** Data shown follows **

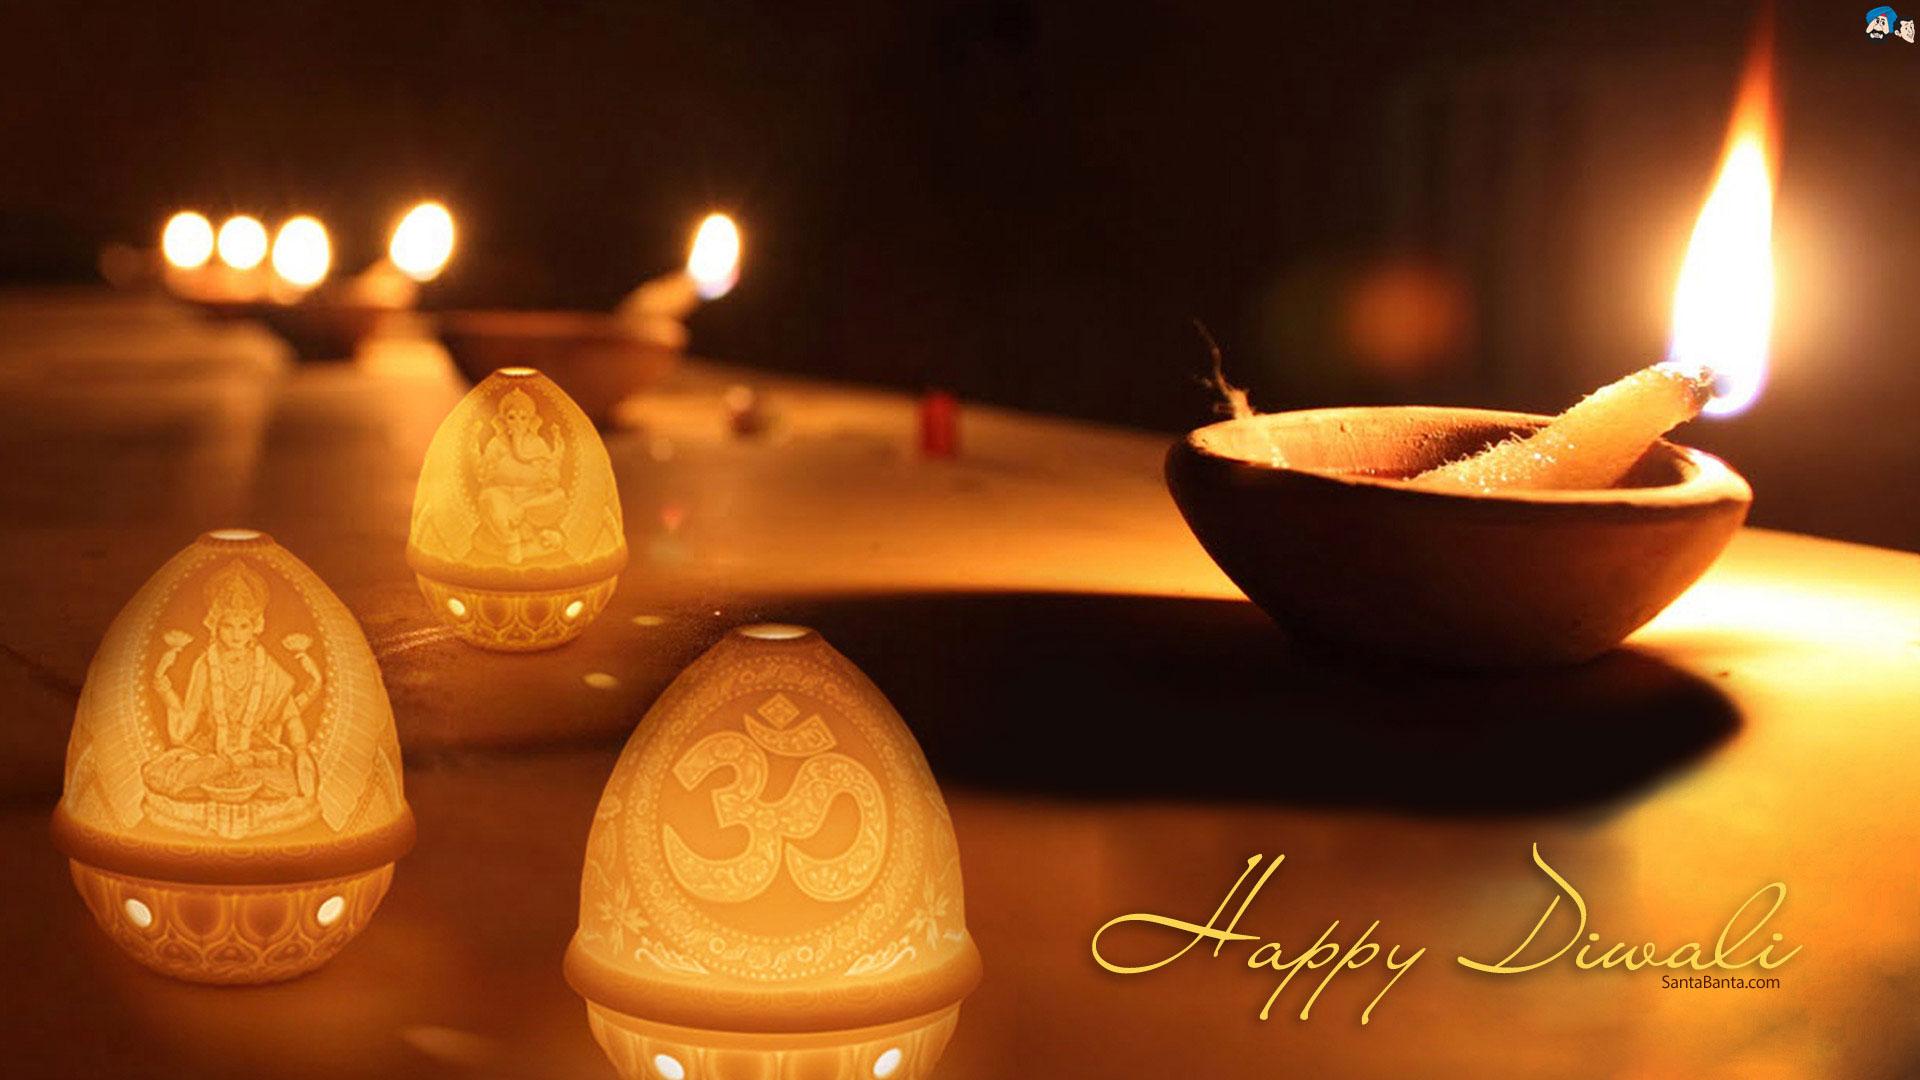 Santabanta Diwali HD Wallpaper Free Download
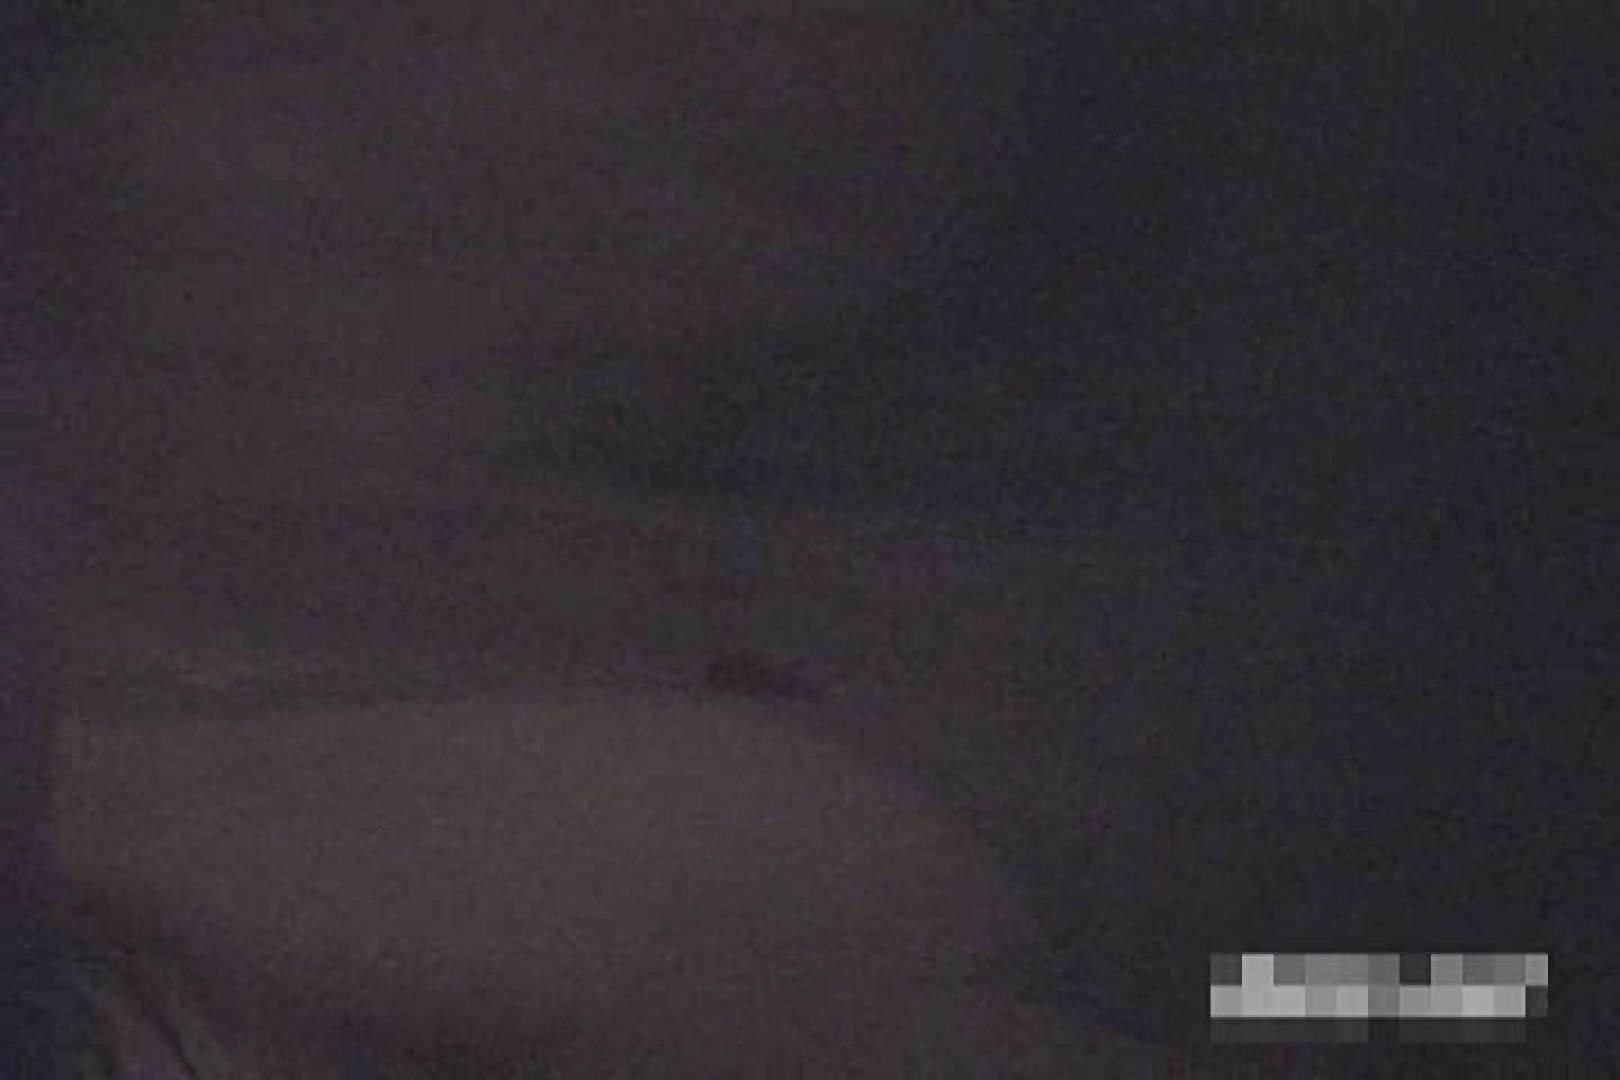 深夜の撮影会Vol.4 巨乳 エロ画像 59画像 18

** End of Data shown **
** Data shown follows **

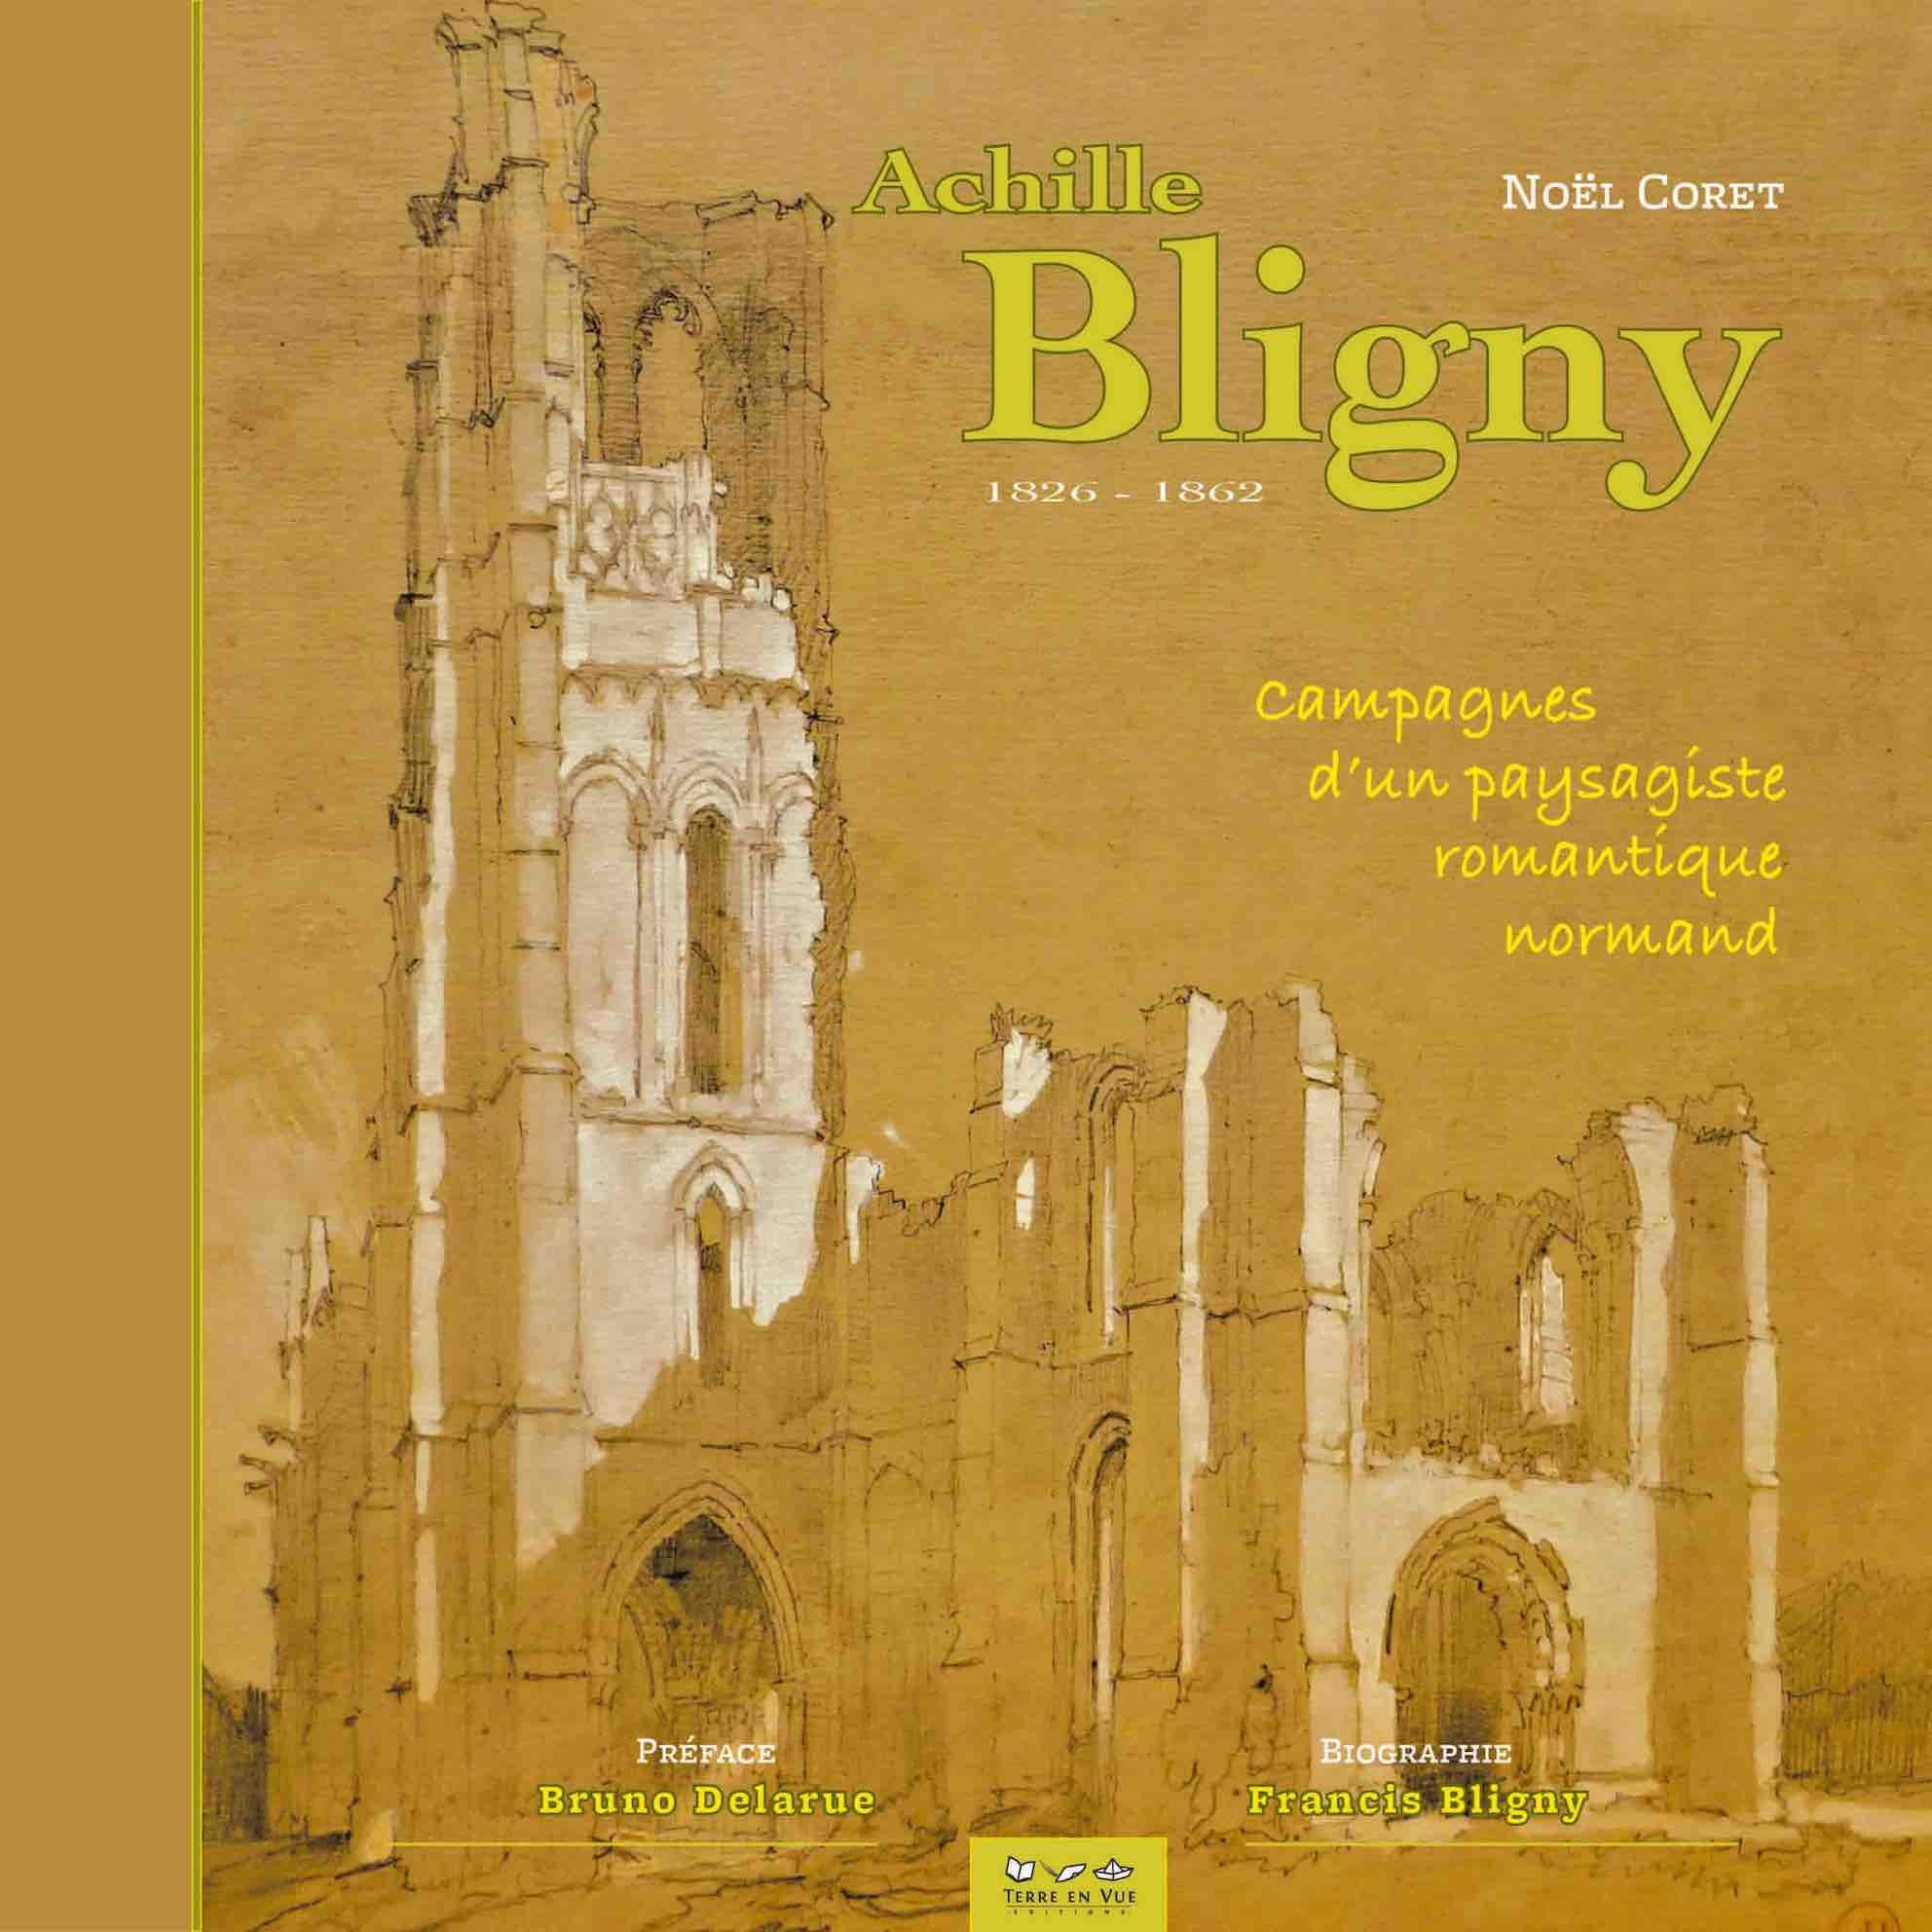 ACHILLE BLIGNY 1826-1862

** End of Data shown **

_Assignment:_
Reproduce word for word, with pictures dropped, only the part of the material above that opens with the line containing "Santabanta Diwali HD Wallpaper Free Download" and closes with the line containing "深夜の撮影会Vol.4 巨乳 エロ画像 59画像 18".

_Your solution:_
 Santabanta Diwali HD Wallpaper Free Download
 深夜の撮影会Vol.4 巨乳 エロ画像 59画像 18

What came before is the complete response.